Cifas, a fraud protection service in the United Kingdom has said that there has been a massive increase in the number of money mule cases targeting individuals who are 21 years and below. This is a type of financial scam where criminals take over the bank accounts of individuals and then use those bank accounts for money laundering, terror funding or other criminal activities.

Cifas has documented a total of 6,484 cases of money muling targeting individuals below 21 years have taken place during the first nine months of this year, which is an increase of 105 percent year-on- year.

That number increased to 8,652 cases of money muling for the age group between 18 to 24; which is a 75 percent increase year-on-year. Compare this to stats in 2013 and one will find that a total of 4,315 cases were registered which show that money muling cases have doubled in the last 4 years.

Cifas

Most of these money muling cases appear to be taking place with the consent of the individual. Criminals usually promise students a small fee for handing over their bank accounts and since the younger generation is looking for more cash, they often agree to part with their bank accounts. The millennial generation is often recruited through job ads and social media posts which offer lucrative part time and online jobs.

Once they get in touch with the job poster, the money mule deal is then explained and many end up agreeing to the arrangement. The UK financial and fraud protection service is looking to educate the younger generation on the consequences of money muling and the reasons behind why criminals want access to their bank accounts. Katy Worobec, who heads financial crime and fraud protection at UK finance warned youngsters to not get involved with money muling.

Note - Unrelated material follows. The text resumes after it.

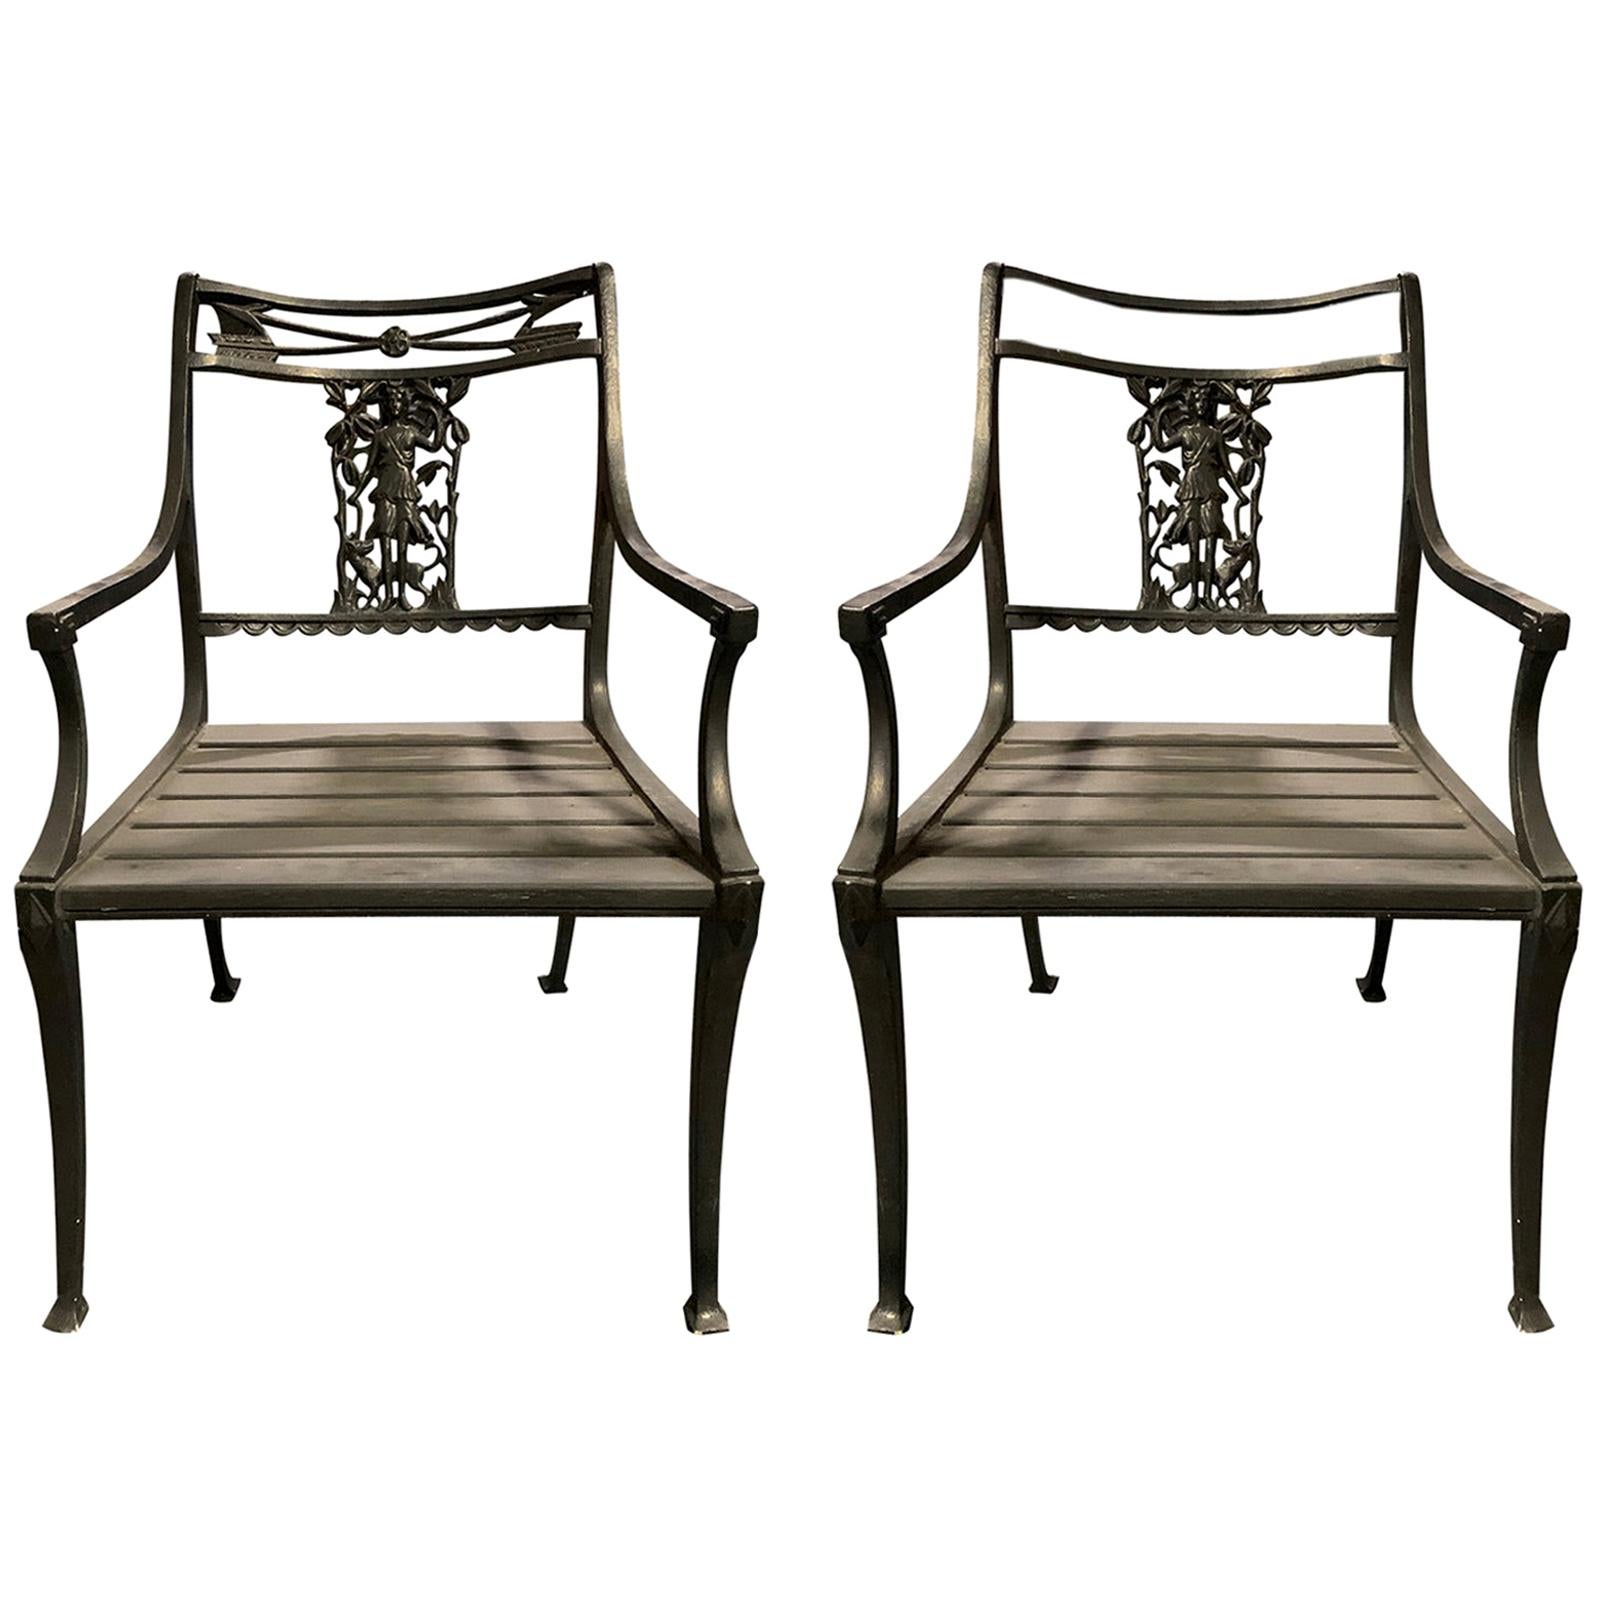 Pair of Wrought Iron Neoclassical "Diana the Huntress" Garden Chairs by Molla

In a statement, Worobec said

When you’re caught, your bank account will be closed, making it difficult to access cash and credit. You could even face up to 14 years in jail. We’re urging people not to give their bank account details to anyone unless they know and trust them. If an offer of easy money sounds too good to be true, it probably is

Some of the cautionary advice issued include being cautious and wary of suspicious text messages requesting for banking information; not giving out any financial information when you receive a cold call and to be vigilant of phishing and fraudulent emails.